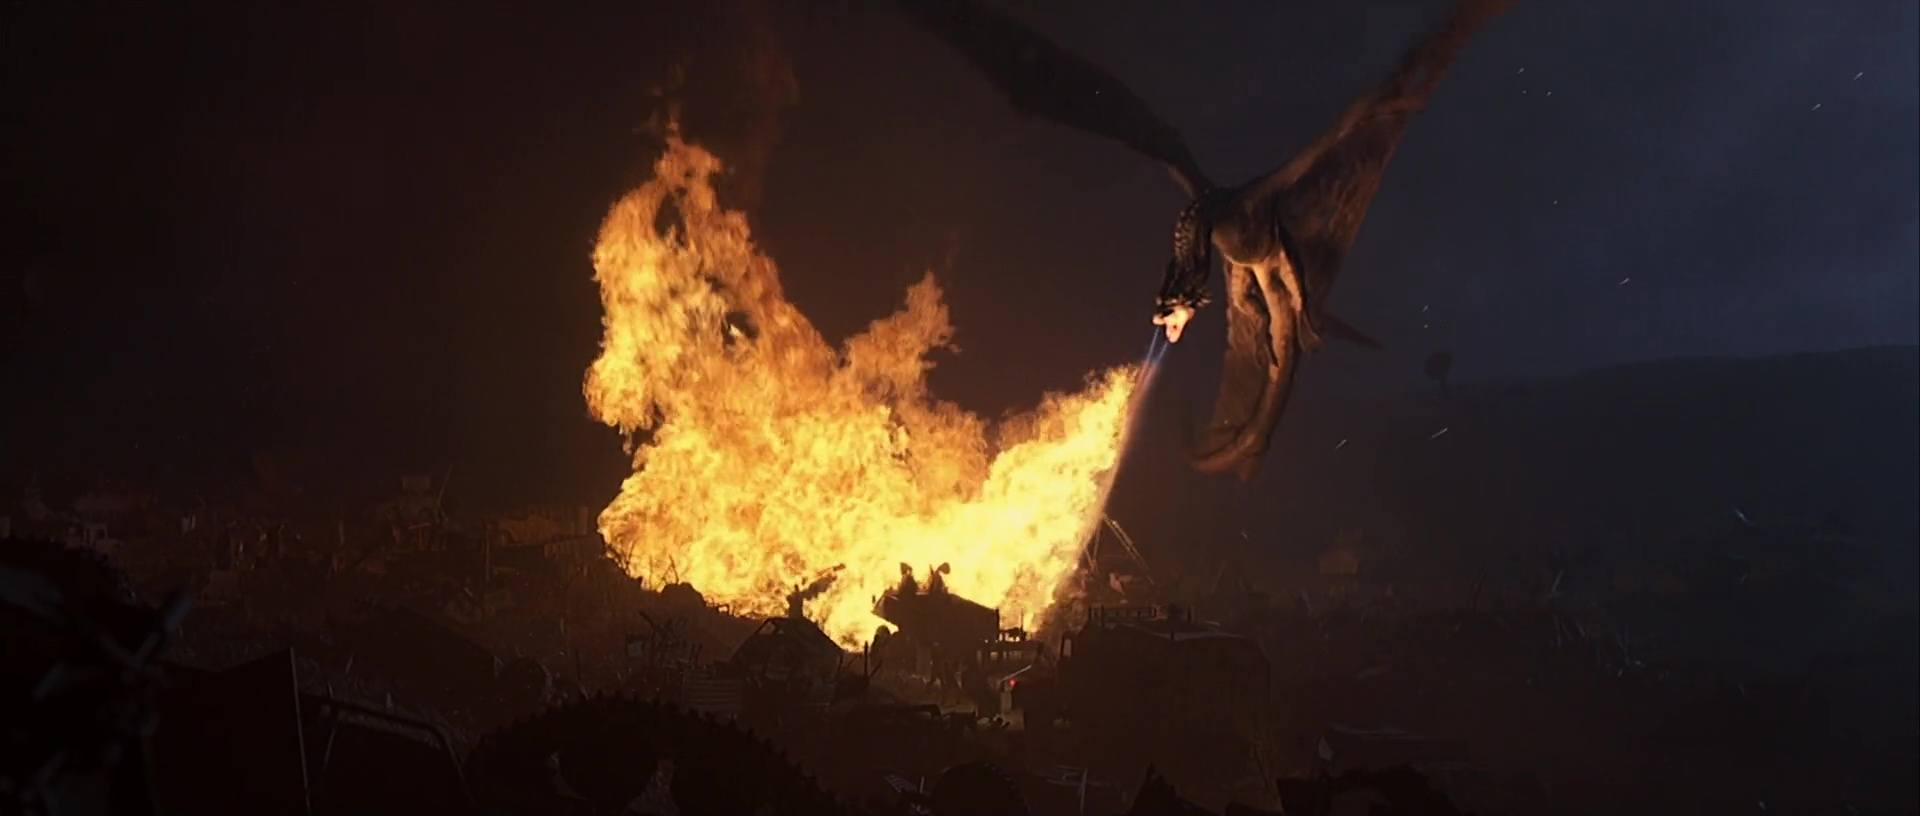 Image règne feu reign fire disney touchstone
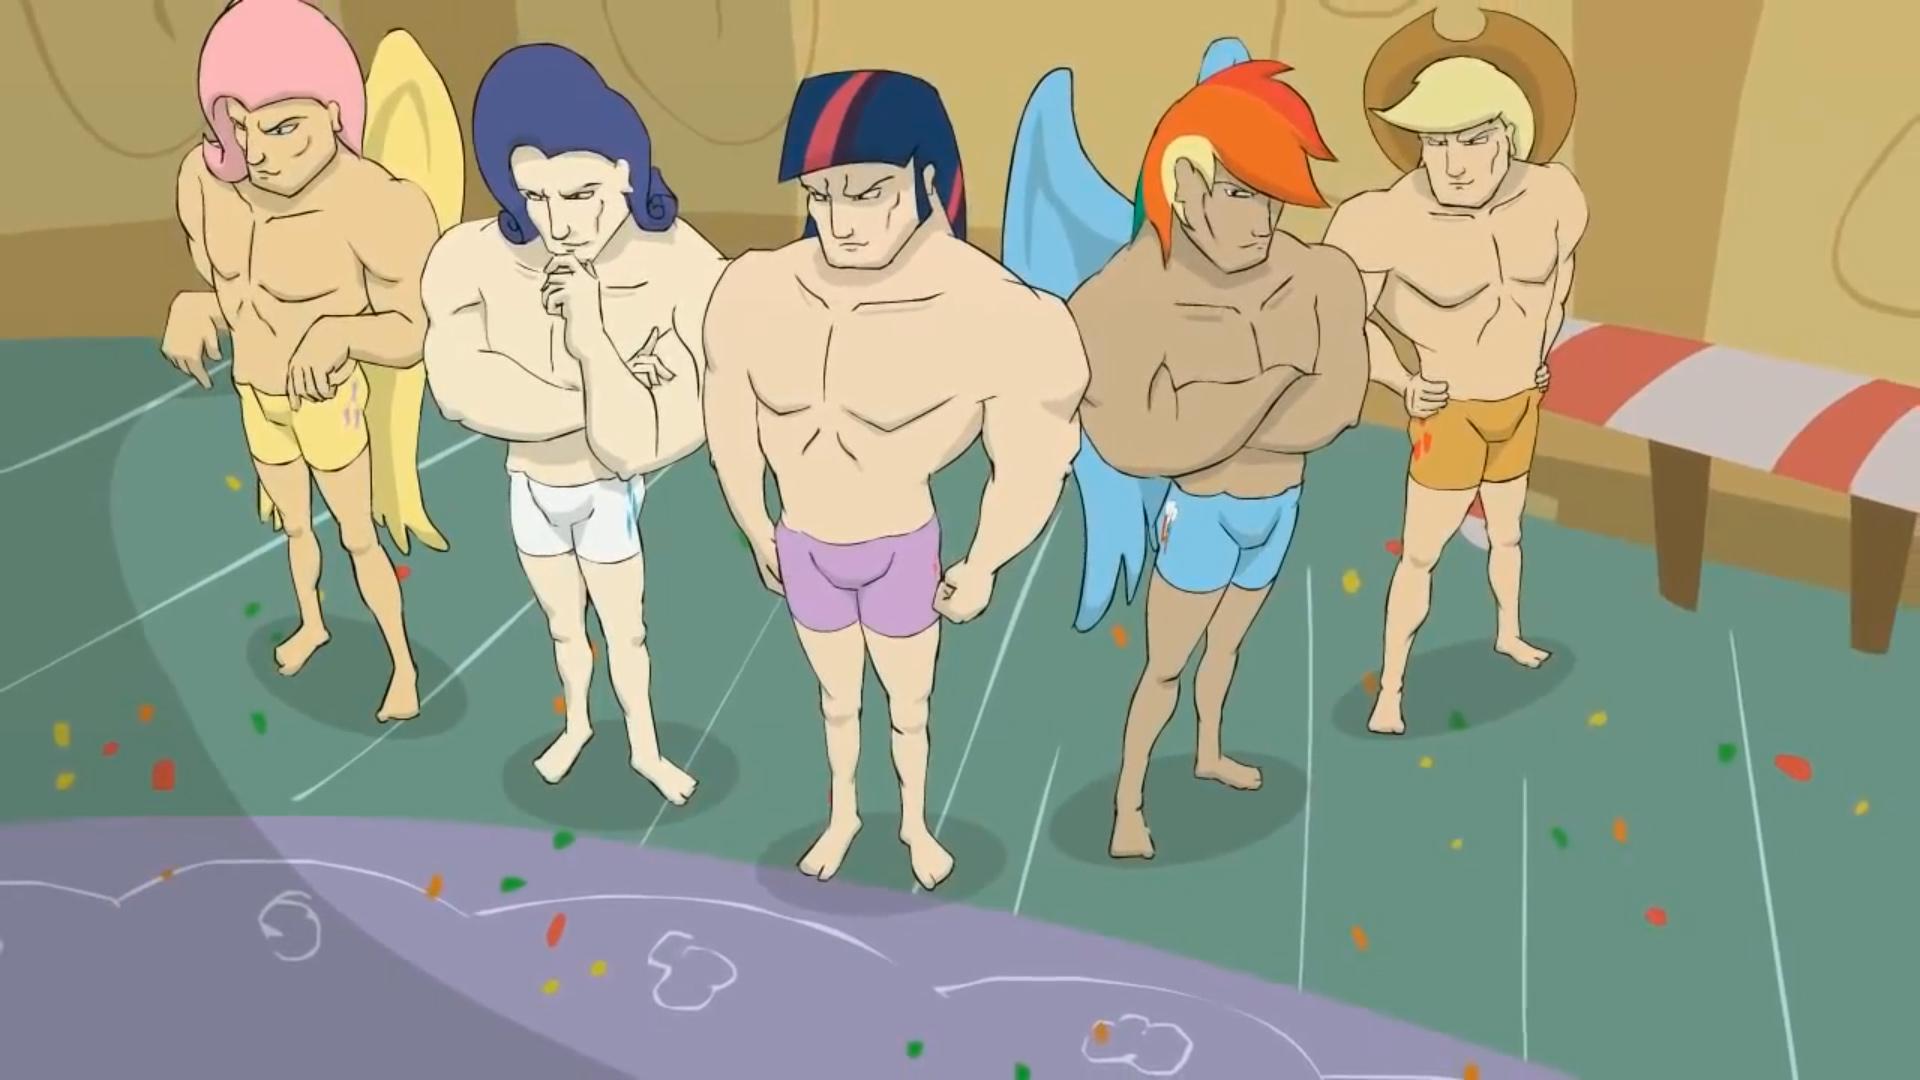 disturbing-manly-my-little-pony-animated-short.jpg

==

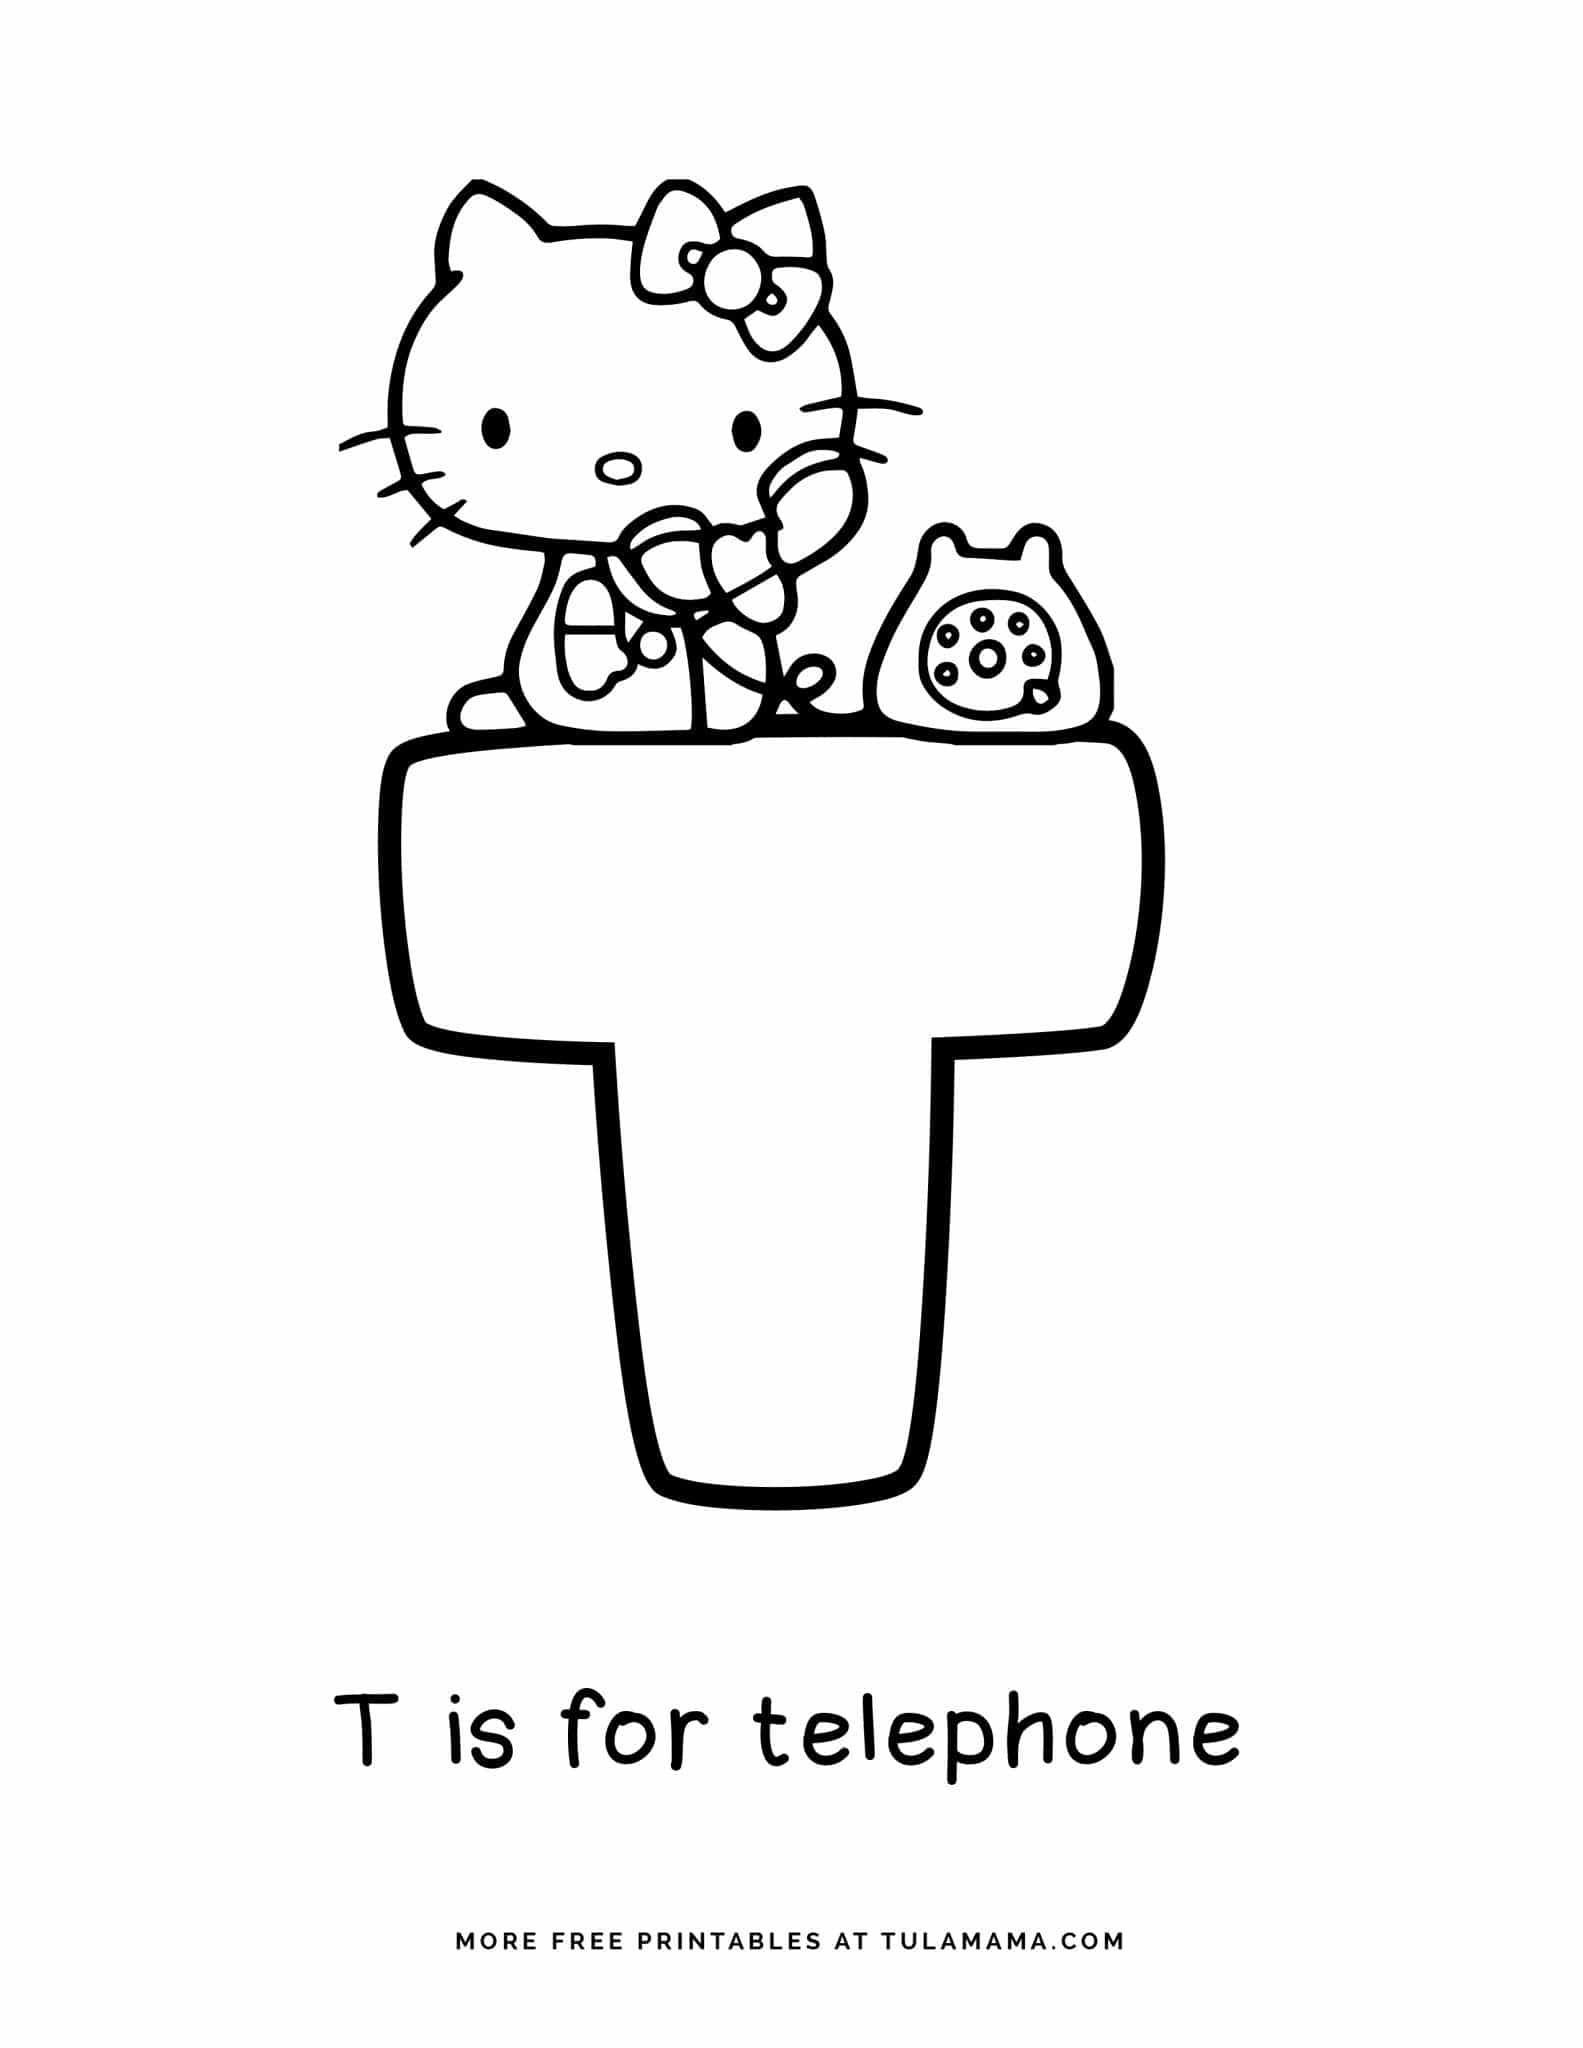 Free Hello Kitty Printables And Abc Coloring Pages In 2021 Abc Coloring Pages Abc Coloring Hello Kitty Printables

--

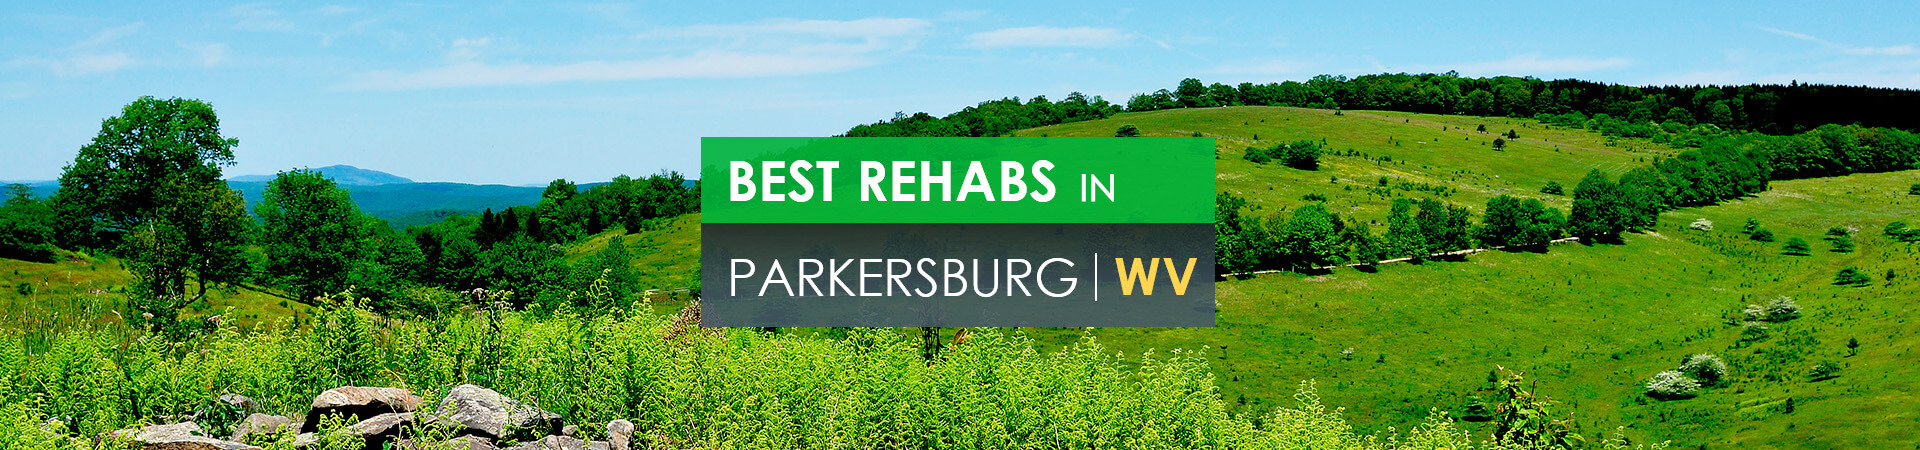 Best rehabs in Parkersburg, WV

- [What is needed]:
Set the pictures aside and reproduce exactly the lines above, from the line holding "Image règne feu reign fire disney touchstone" through the line holding "disturbing-manly-my-little-pony-animated-short.jpg", both included, with nothing else.

- [Response]:
 Image règne feu reign fire disney touchstone
 disturbing-manly-my-little-pony-animated-short.jpg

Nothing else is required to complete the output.